A federal judge on Aug. 13 vacated a rule that lets employers with religious objections opt out of an Affordable Care Act requirement that states the employers’ insurance should cover abortion and contraceptives.
U.S. District Judge Wendy Beetlestone said that the rule, and a similar rule relating to moral objections, both of which were put into place in 2018 during the first Trump administration, were arbitrary and capricious, and in violation of federal law.
Beetlestone analyzed the rationale for enacting the rules, including a reliance on the Religious Freedom Restoration Act (RFRA)—a law that bars the government from “substantially burden[ing] a person’s exercise of religion unless certain exceptions are met—and concluded it did not support the rule.”
“The Rule is not arbitrary and capricious because it draws imprecise lines. It is arbitrary and capricious because the Agencies identified a problem (RFRA violations) and then proposed a solution that is not rationally connected to solving that problem (exempting organizations whose compliance with the Accommodation posed no potential conflict with RFRA to begin with),” the judge said in a 55-page decision.
She ruled against the federal government and in favor of Pennsylvania and New Jersey, which sued over the rules, and vacated them.
Lawyers for Little Sisters of the Poor—a Catholic organization that is a defendant-intervenor in the case—decried the decision.
“The district court blessed an out-of-control effort by Pennsylvania and New Jersey to attack the Little Sisters and religious liberty,” Mark Rienzi, president of Becket, a nonprofit, public-interest legal institute, said in a statement.
“It’s bad enough that the district court issued a nationwide ruling invalidating federal religious conscience rules.”

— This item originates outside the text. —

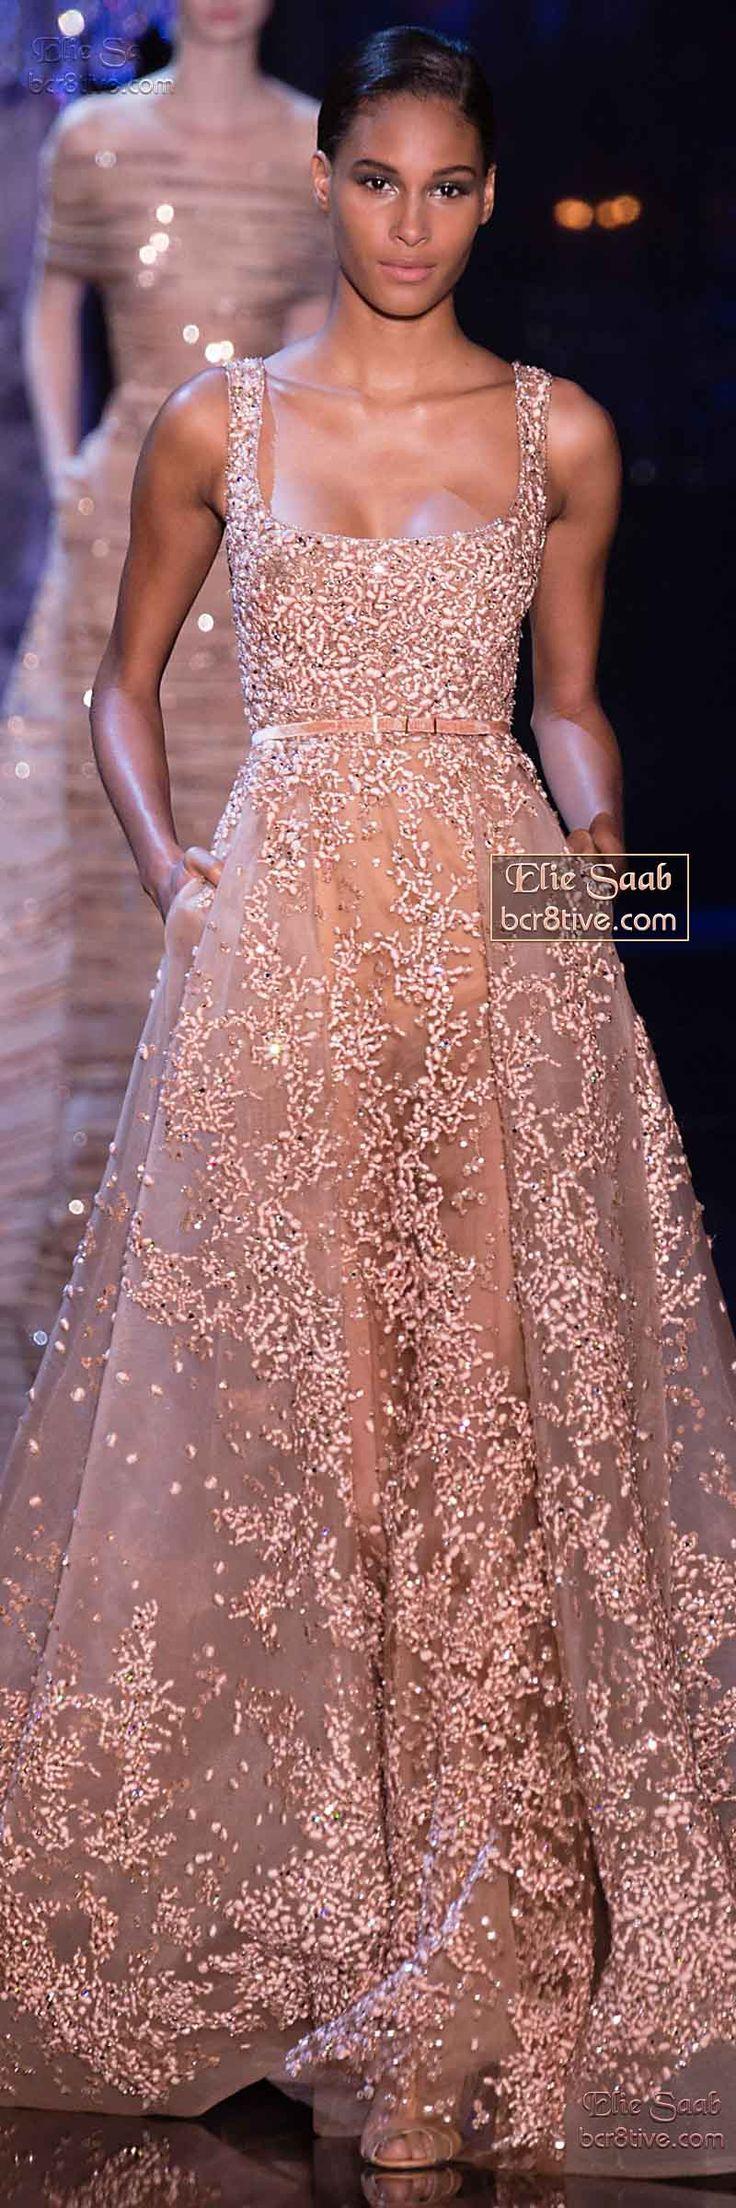 Asombroso Vestidos De Fiesta En Nh Colección de Imágenes - Colección ...

“But even worse is that the district court simply ducked the glaring constitutional issues in this case, after waiting five years and not even holding a hearing. It is absurd to think the Little Sisters might need yet another trip to the Supreme Court to end what has now been more than a dozen years of litigation over the same issue. We will fight as far as we need to fight to protect the Little Sisters’ right to care for the elderly in peace.”
The most recent previous ruling on the matter came in 2020.